■ Problem description ■
Print nothing but the lines from the start of the listing below through the line that contains "Khloé Kardashian wears". Do not include the pictures.

[Supplied data — start]

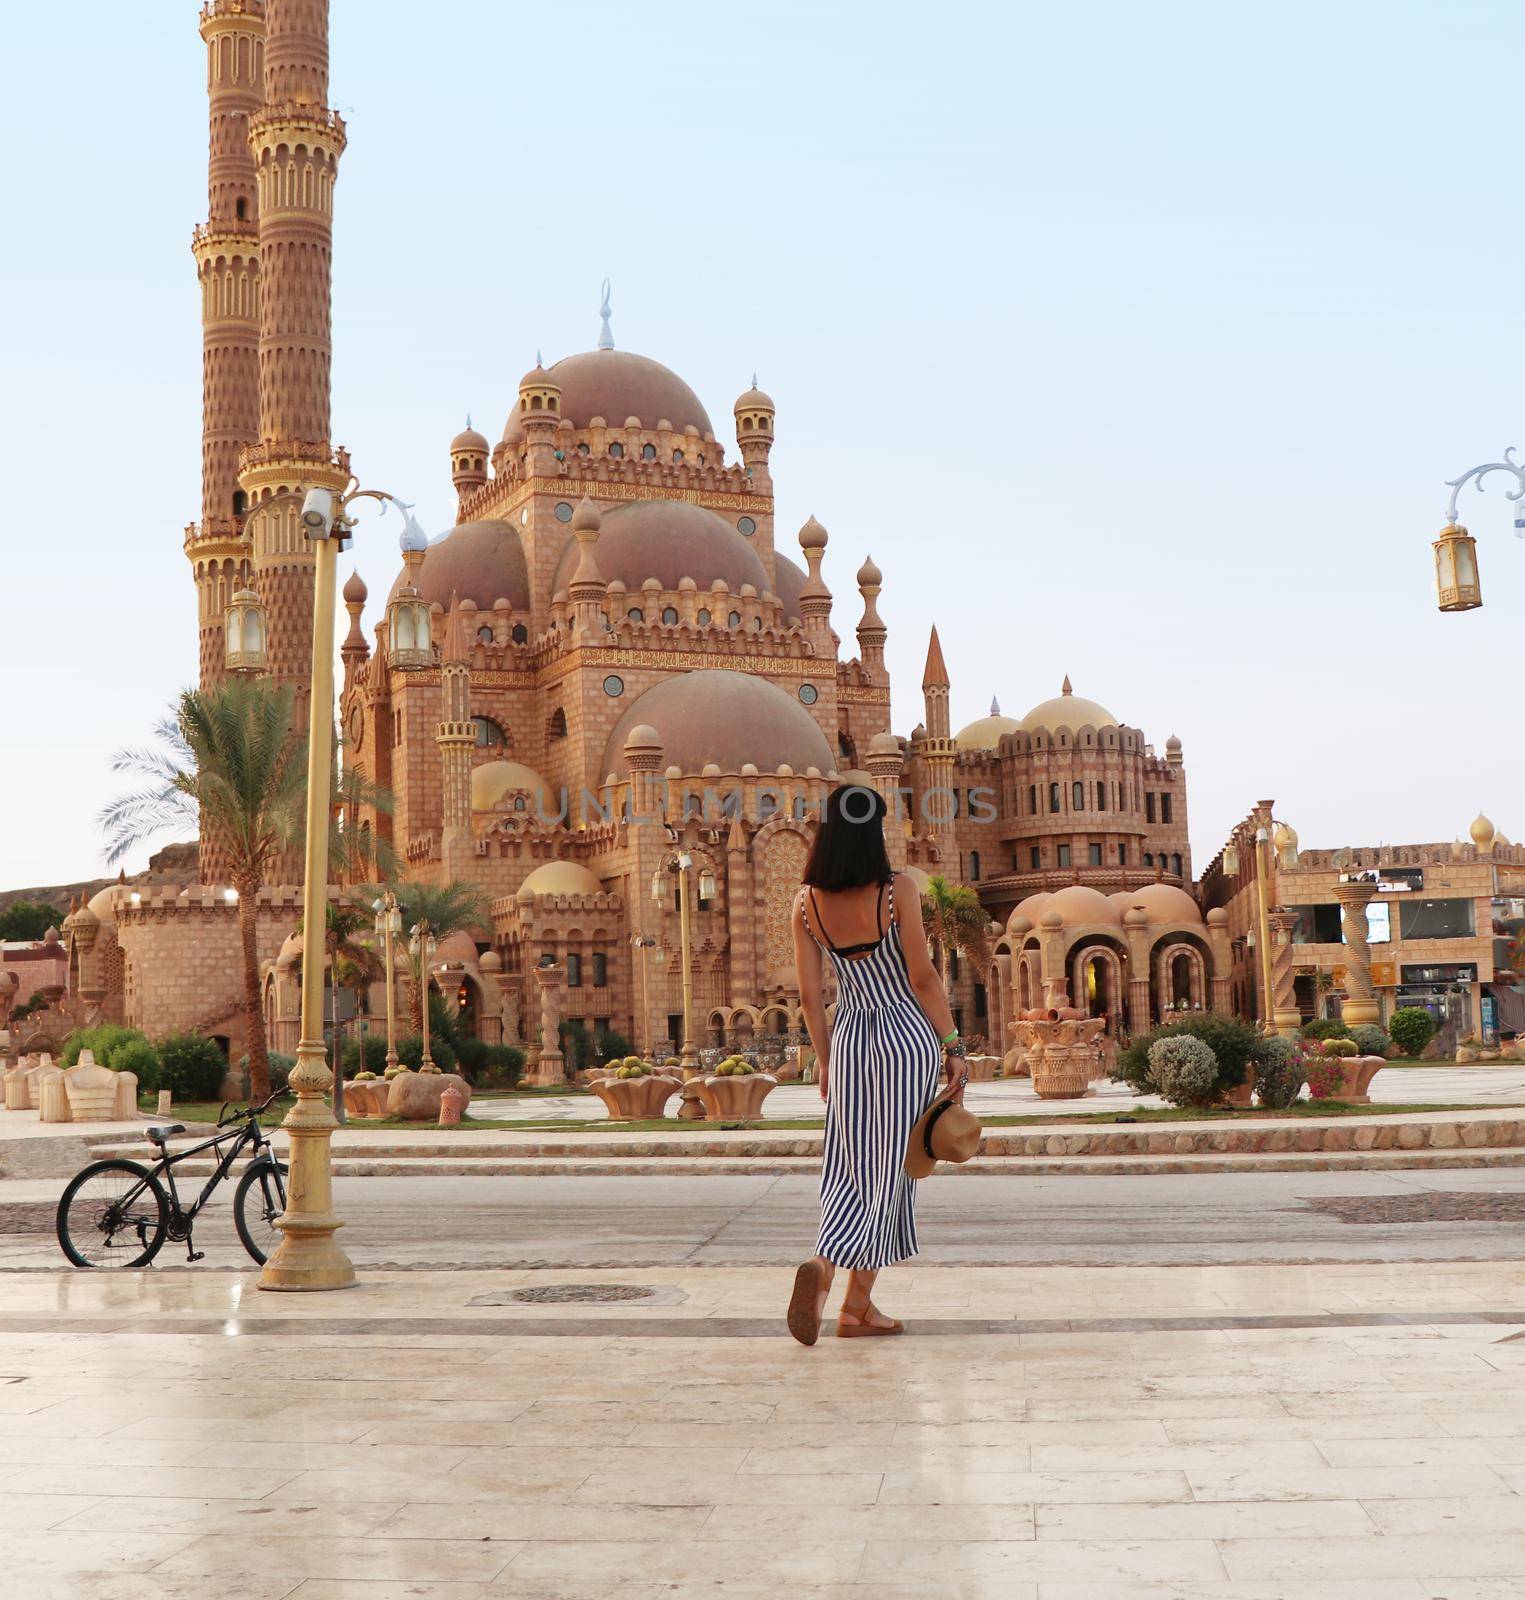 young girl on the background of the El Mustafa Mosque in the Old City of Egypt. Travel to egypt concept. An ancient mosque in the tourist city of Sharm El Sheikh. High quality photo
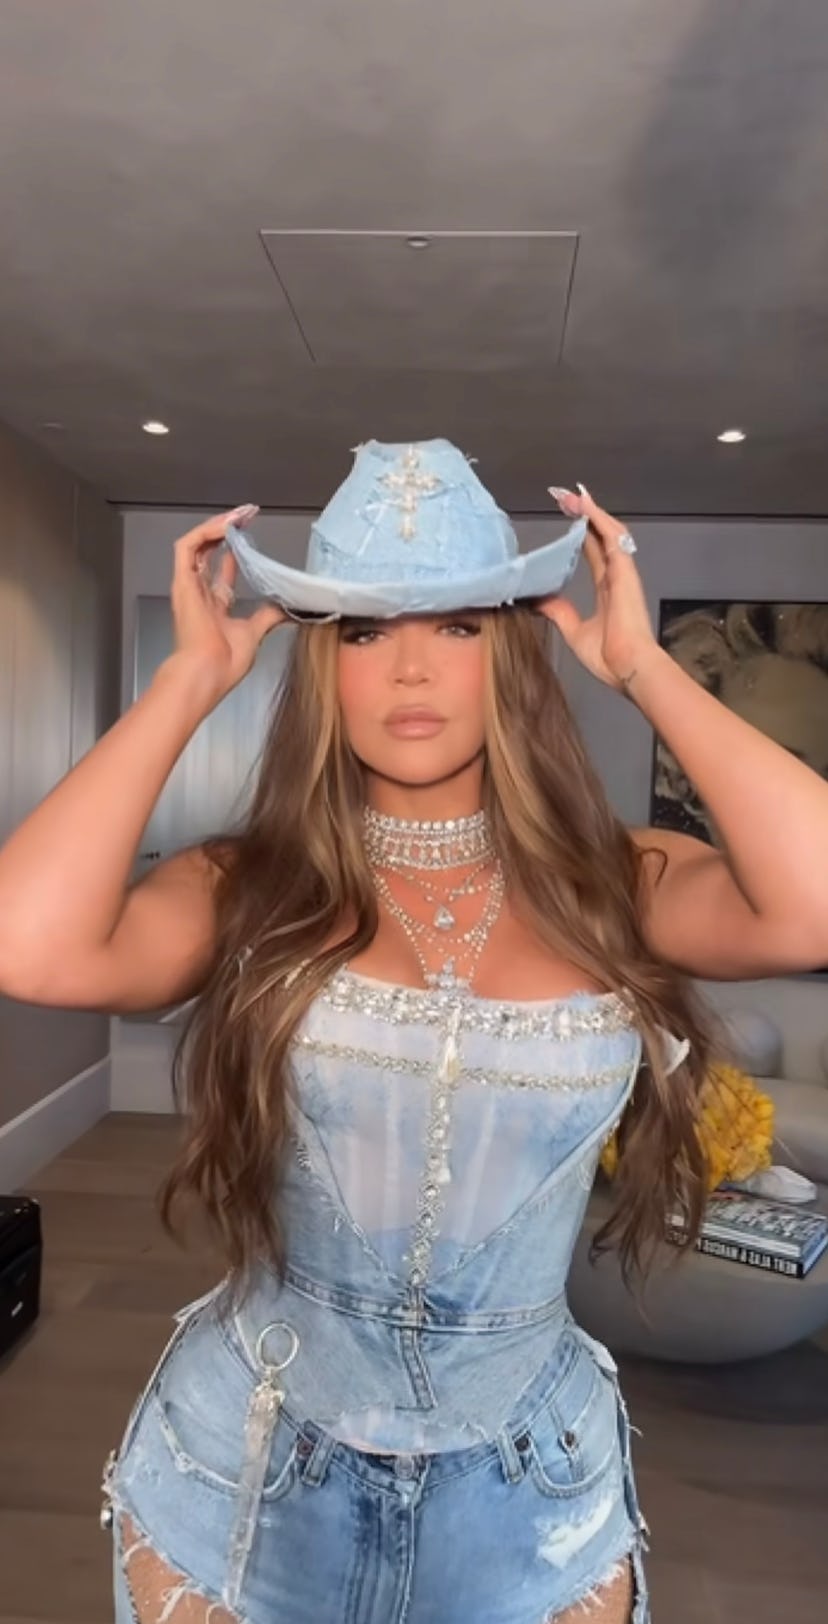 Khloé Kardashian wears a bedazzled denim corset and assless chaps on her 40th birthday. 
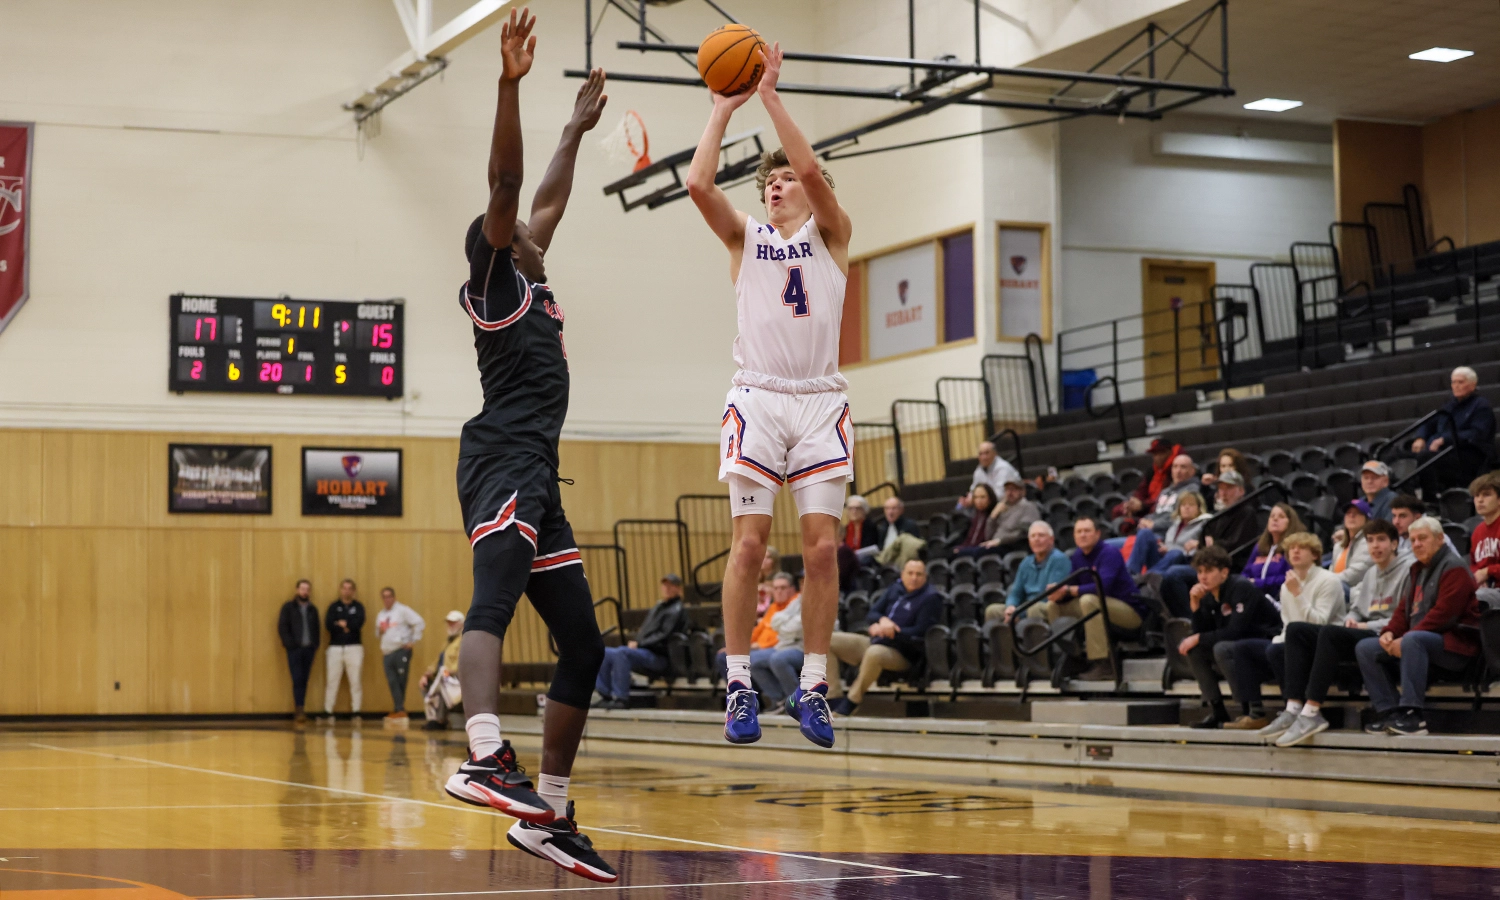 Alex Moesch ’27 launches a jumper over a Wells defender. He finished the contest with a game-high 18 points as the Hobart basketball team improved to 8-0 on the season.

[Supplied data — finish]

■ Final answer ■
 young girl on the background of the El Mustafa Mosque in the Old City of Egypt. Travel to egypt concept. An ancient mosque in the tourist city of Sharm El Sheikh. High quality photo
 Khloé Kardashian wears a bedazzled denim corset and assless chaps on her 40th birthday. 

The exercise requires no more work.